What Is the Difference Between Single End Read and Double Ended Read

Cast your minds back a few years..

Plenty of success stories with microarrays

Why exercise sequencing?

Microarrays vs sequencing

Probe design issues with microarrays
- 'Dorian Gray issue' http://world wide web.biomedcentral.com/1471-2105/5/111
- '…mappings are frozen, as a Dorian Grey-like syndrome: the credible eternal youth of the mapping does not reflect that somewhere the 'motion-picture show of it' decays'
Sequencing data are 'future proof'
- if a new genome version comes along, just re-align the data!
- tin catch published-data from public repositories and re-marshal to your own choice of genome / transcripts and aligner
Limited number of novel findings from microarrays
- can't discover what you're not looking for!
Genome coverage
- some areas of genome are problematic to design probes for
Fusion genes, re-arrangements and complex events
- not possible with microarray technology
Maturity of analysis techniques
- on the other hand, assay methods and workflows for microarrays are well-established
- until recently…

What did we learn from arrays?

Experimental Blueprint; despite this fancy new technolgy, if we don't design the experiments properly we won't go meaningful conclusions
Quality assessment; Aye, NGS experiments can even so become wrong!
Normalisation; NGS data come with their own set of biases and fault that demand to be accounted for
Reproducibility: this is a good thing
Plenty of tools and workflows were established.
Don't forget most arrays; the data are all out there somewhere waiting to be discovered and explored
- e.g. repositive.io platform for browse multiple repositories for data for a particular condition

Illumina sequencing overview*

This video gives an overview of the 'sequencing-past-synthesis' approach used by Illumina. Other companies will have different techniques, simply Illumina is probably the most-pop sequencing technology out there. For most of what we will discuss, it won't actually affair how your samples were sequenced.

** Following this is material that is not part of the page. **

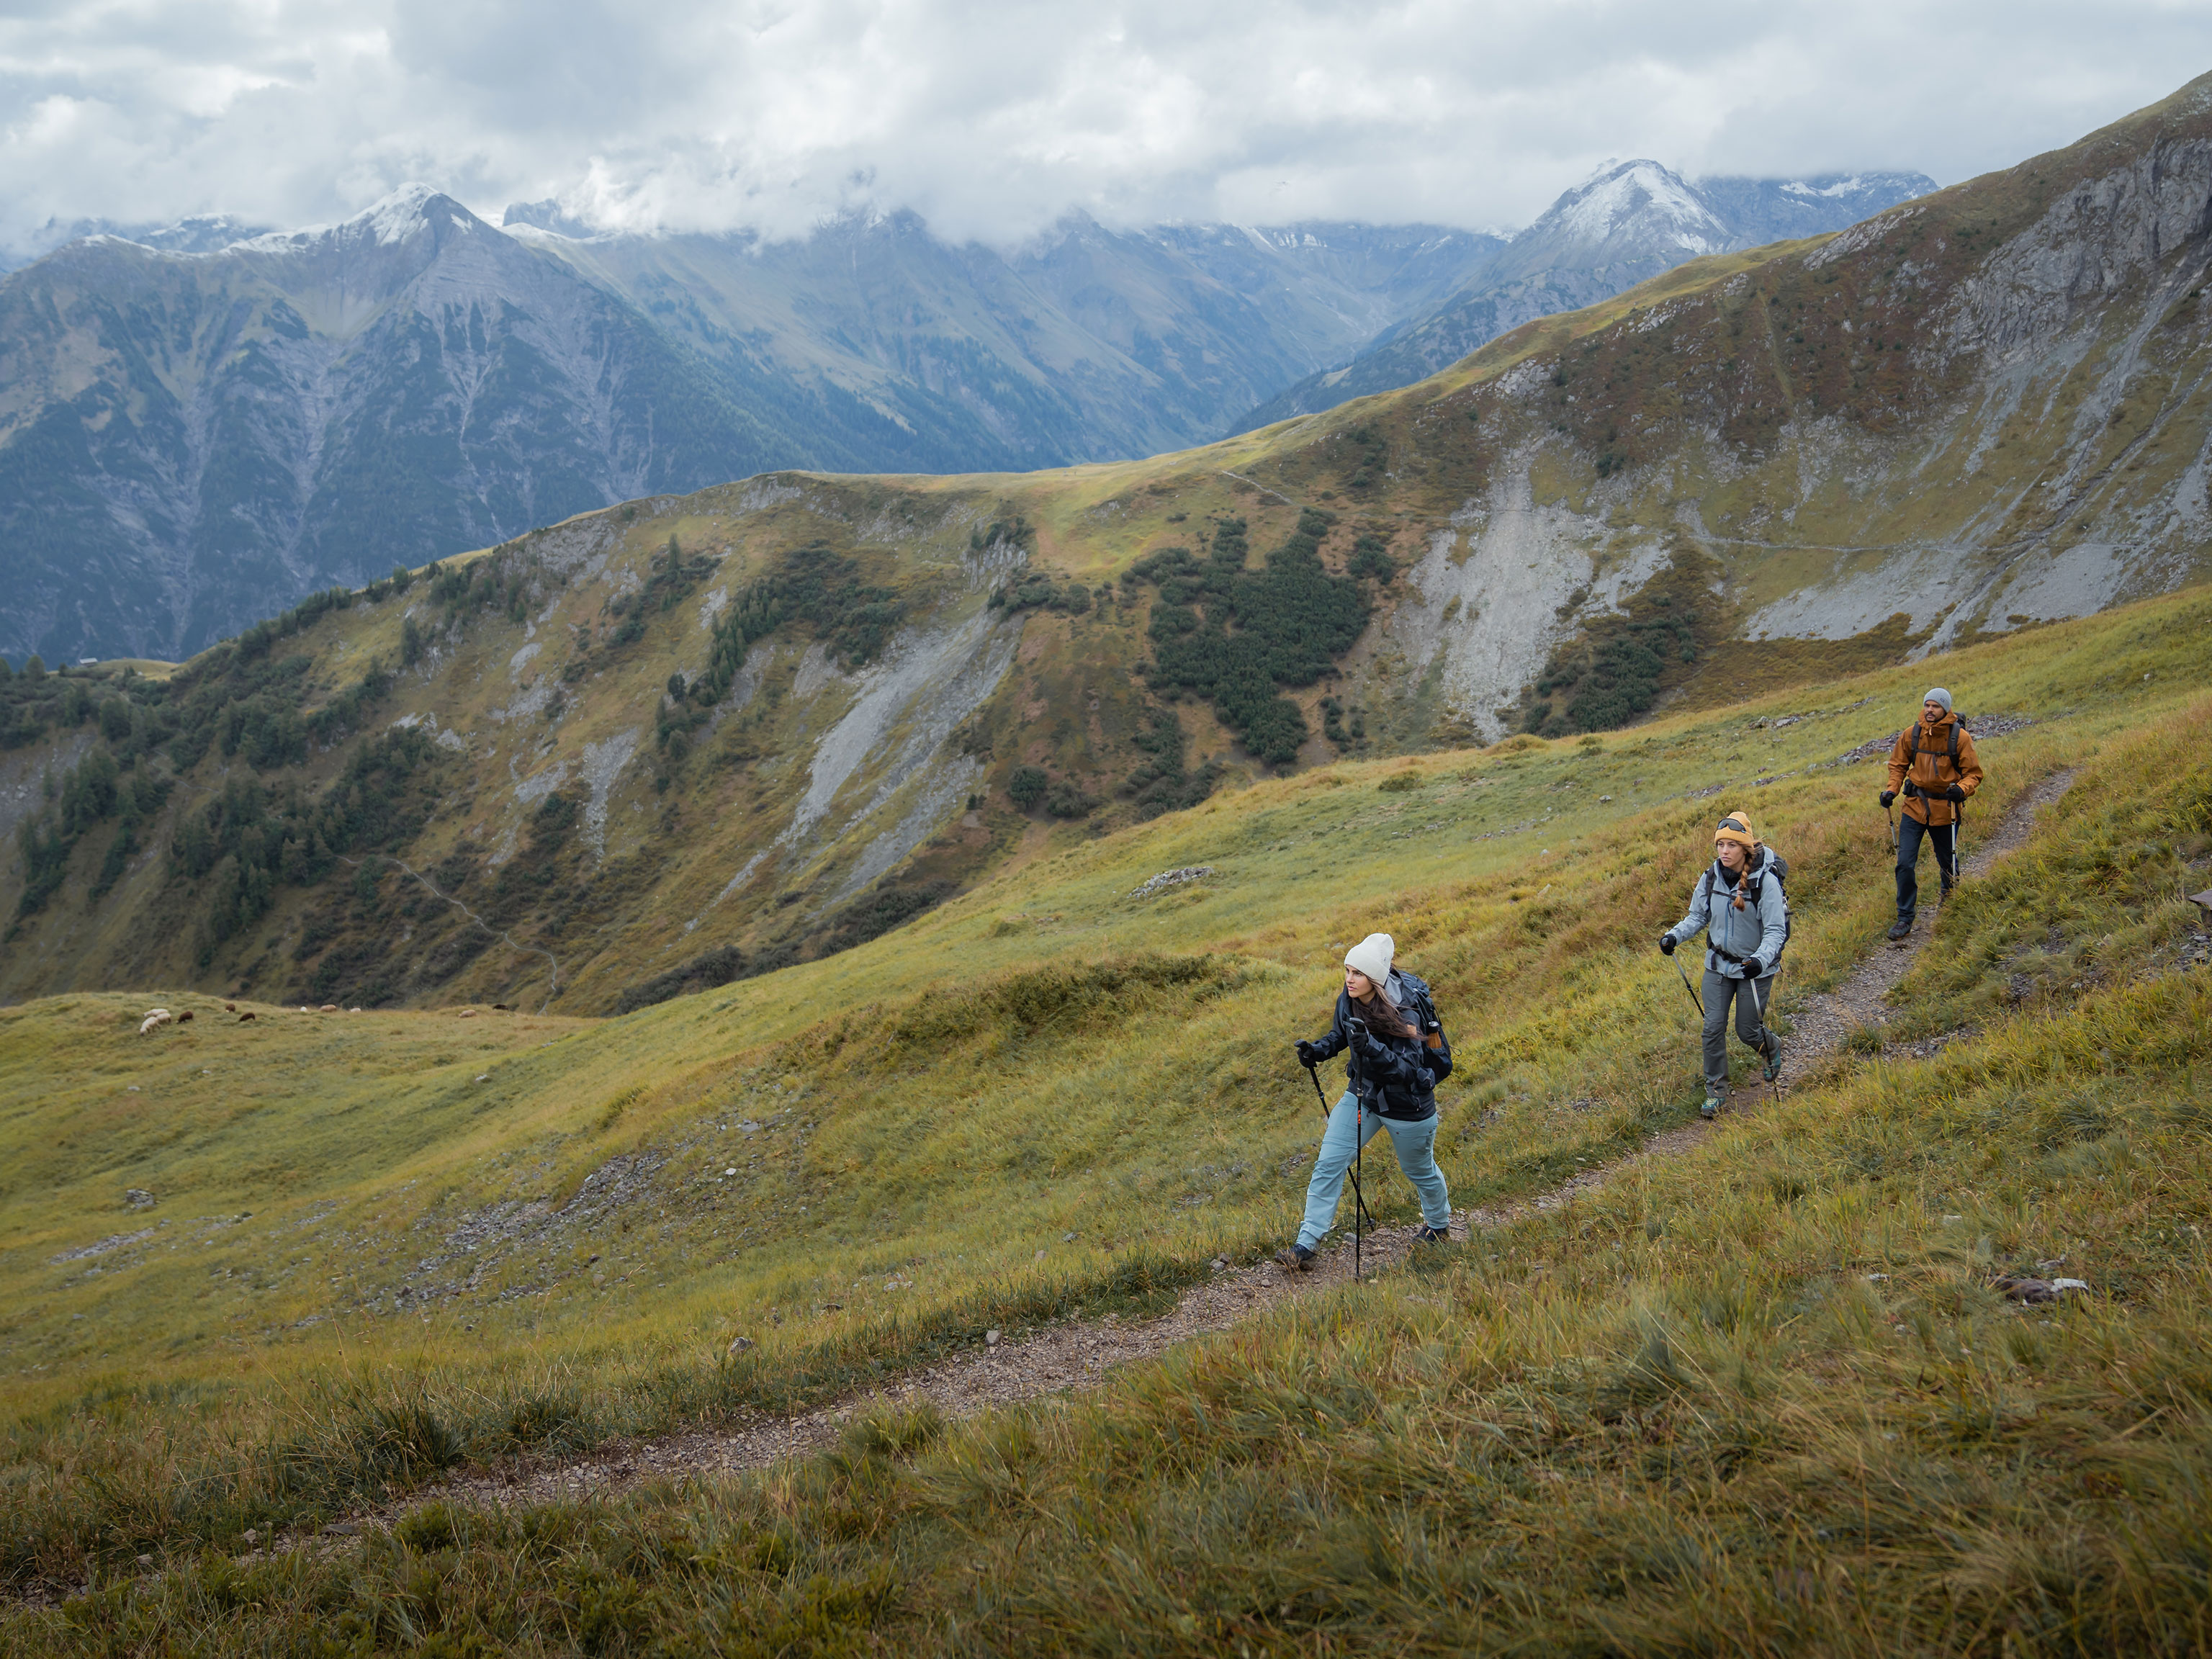 Three hikers walk along a mountain path

* Other sequencing technologies are bachelor

Illumina sequencing

Images from:- http://world wide web.illumina.com/content/dam/illumina-marketing/documents/products/illumina_sequencing_introduction.pdf

A library is prepared by breaking the DNA of involvement into shorter, single-strand fragments. Adapters are each added to each finish of the fragments. A flow-cell has already been prepared to have a "lawn" of sequences that are complementary to the adapters.

Bridge amplification forms clusters of identical fragments on the flow-cell surface. This is required every bit we're going to be taking images of the catamenia-cell and need many copies of each fragment so that nosotros get a decent signal. However, every bit we'll run into later on, this can introduce errors.

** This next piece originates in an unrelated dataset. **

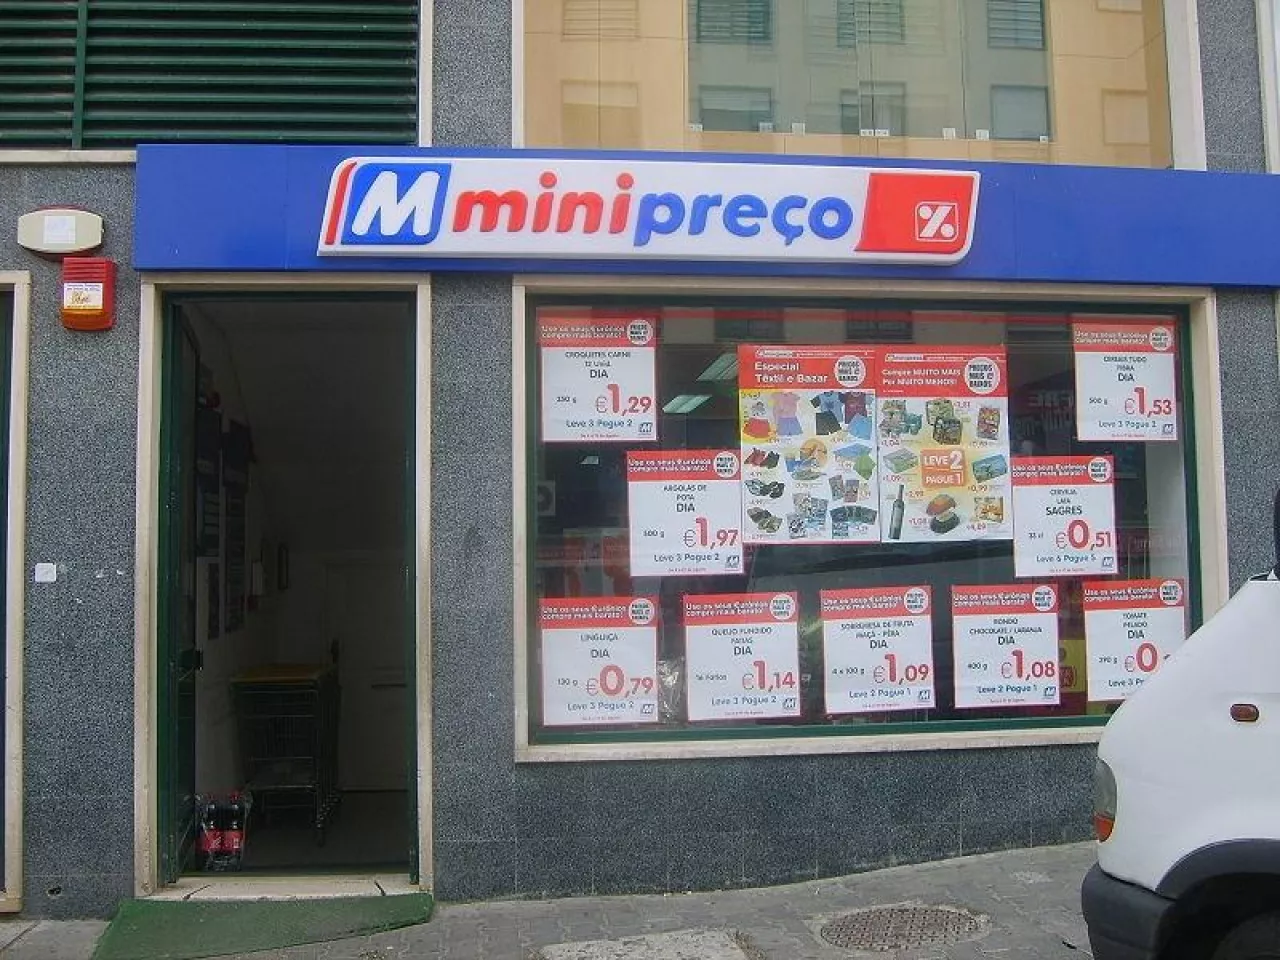 Sklep Minipreco (fot. fot. na lic. CC BY-SA 3.0)

The construction of a sequencing reads involves adding a single, terminated, DNA base (each given a distinct flourescent label) 1 at a time, simulataneously across the whole menstruum-prison cell, and taking an image.

So, we try adding an "A" with a ruby label and take an image

and then a "T" with a green, and take another epitome

Analysis of the images can determine which base was succesfully incorporated to each fragment.

The process of added each base repeats for the next cycle, and so-on for "Northward" cycles. east.g. 100 times for a 100-base of operations sequence.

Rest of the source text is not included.